Les acides lactiques sont des acides α-hydroxylés, de formule brute C3H6O3. Leur structure se reflète dans leur nom systématique : acide 2-hydroxypropanoïque.
Chimie
L'atome de carbone 2 portant le groupe hydroxyle est asymétrique, rendant la molécule d'acide lactique chirale. Il se présente donc sous forme de deux énantiomères :
- (R)-acide lactique ou D(–)-acide lactique ;
- (S)-acide lactique ou L(+)-acide lactique.
En solution, le groupe carboxyle -COOH peut perdre un ion H+. Ainsi l'acide lactique (C3H6O3) se transforme en ion lactate : CH3CHOHCOO−.
En revanche, dans le muscle, il est ajouté au pyruvate (C3H3O3−) deux ions H+ pour former le lactate (C3H5O3−) [11].
Les acides lactiques sont solubles dans l'eau et considérés comme des acides faibles (pKa=3,90), c'est-à -dire que la réaction de dissociation dans l'eau n'est pas totale :
- CH3CHOHCOOH + H2O ⇄ CH3CHOHCOO− + H3O+
On trouve donc à la fois en solution l'acide lactique et sa forme basique, l'ion lactate, en proportions variables selon le pH.
Effort musculaire et fermentation lactique
L'ion S-lactate est l'un des produits-clés de la production d'énergie dans les muscles notamment.
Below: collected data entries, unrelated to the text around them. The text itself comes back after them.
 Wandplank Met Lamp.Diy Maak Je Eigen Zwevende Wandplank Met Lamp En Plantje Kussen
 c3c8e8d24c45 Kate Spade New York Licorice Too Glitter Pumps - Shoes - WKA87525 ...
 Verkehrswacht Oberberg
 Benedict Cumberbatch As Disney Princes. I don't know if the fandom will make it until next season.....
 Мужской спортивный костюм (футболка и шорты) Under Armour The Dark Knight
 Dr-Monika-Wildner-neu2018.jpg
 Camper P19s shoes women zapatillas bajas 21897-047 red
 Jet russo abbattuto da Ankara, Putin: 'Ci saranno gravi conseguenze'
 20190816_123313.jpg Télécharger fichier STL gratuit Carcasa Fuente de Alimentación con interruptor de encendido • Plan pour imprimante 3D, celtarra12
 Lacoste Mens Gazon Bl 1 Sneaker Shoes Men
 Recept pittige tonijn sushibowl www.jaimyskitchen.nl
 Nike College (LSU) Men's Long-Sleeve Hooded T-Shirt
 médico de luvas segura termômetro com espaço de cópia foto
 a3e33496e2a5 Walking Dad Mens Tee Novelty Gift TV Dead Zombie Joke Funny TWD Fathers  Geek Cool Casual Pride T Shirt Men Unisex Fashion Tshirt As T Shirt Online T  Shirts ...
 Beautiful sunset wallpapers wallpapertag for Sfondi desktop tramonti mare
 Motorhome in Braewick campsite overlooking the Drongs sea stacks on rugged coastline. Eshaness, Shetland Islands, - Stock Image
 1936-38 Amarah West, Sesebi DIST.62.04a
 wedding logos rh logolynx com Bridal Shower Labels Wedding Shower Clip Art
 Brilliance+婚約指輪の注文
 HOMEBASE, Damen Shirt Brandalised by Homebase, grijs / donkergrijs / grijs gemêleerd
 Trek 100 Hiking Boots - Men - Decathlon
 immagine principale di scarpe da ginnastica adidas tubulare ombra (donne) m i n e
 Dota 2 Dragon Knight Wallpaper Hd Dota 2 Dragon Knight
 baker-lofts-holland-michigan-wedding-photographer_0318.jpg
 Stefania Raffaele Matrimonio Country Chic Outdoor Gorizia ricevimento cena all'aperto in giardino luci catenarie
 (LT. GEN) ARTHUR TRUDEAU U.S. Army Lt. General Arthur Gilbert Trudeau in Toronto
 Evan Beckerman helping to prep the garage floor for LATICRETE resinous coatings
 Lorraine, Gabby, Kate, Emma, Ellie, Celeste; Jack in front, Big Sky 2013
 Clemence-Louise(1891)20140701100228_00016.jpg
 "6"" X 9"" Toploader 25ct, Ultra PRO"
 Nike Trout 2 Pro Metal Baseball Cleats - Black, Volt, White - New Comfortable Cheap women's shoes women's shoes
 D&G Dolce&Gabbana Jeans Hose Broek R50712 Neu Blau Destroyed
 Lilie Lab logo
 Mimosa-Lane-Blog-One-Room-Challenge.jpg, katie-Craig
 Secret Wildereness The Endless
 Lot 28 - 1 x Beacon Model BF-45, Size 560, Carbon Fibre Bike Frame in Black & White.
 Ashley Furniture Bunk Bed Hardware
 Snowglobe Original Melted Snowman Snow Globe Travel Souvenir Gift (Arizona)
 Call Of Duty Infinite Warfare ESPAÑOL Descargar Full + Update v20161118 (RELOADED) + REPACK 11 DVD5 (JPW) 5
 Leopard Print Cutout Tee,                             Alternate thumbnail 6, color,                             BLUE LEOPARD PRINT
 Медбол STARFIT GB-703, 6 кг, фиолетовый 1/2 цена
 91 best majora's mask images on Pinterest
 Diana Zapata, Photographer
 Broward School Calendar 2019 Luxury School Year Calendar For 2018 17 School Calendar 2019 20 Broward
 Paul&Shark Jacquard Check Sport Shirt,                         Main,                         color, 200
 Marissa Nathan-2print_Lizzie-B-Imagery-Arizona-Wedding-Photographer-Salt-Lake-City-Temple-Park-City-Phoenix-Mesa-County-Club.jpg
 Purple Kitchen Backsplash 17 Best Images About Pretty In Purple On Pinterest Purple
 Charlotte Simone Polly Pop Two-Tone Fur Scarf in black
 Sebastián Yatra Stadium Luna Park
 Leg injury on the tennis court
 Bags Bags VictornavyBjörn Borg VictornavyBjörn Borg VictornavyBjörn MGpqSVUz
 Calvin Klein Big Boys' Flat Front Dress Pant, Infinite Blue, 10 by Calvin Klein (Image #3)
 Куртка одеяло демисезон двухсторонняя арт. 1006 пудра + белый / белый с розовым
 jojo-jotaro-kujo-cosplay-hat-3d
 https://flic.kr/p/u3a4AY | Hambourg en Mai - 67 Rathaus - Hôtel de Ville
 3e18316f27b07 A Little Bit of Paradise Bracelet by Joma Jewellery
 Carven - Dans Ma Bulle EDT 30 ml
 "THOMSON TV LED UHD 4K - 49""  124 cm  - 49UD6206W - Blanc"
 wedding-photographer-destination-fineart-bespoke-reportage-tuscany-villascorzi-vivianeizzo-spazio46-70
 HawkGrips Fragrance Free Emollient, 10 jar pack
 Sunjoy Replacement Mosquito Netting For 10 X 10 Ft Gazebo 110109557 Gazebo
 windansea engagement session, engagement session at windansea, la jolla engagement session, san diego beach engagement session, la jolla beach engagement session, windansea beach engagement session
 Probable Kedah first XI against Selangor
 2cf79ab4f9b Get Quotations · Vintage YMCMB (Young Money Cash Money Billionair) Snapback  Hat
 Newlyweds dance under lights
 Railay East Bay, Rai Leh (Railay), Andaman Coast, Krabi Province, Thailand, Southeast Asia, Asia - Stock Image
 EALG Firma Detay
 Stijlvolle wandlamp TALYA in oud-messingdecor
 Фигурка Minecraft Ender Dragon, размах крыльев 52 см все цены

La respiration cellulaire (consommation de sucres en vue de produire de l'énergie) peut être décomposée en deux grandes étapes, la première est la glycolyse, la partie cytoplasmique du processus, qui a lieu en l'absence de dioxygène. Elle fournit du pyruvate, lequel alimente la seconde partie, mitochondriale, de la respiration cellulaire (cycle de Krebs et phosphorylation oxydative) qui aboutit à la réduction du dioxygène en eau. À un bout de la chaîne, du D-glucose est oxydé, et à l'autre, du dioxygène est réduit. L'énergie dégagée est récupérée par la cellule.
Si l'apport en oxygène est supérieur à la consommation de sucre, alors la totalité de l'acide pyruvique produit est immédiatement consommée dans la partie mitochondriale.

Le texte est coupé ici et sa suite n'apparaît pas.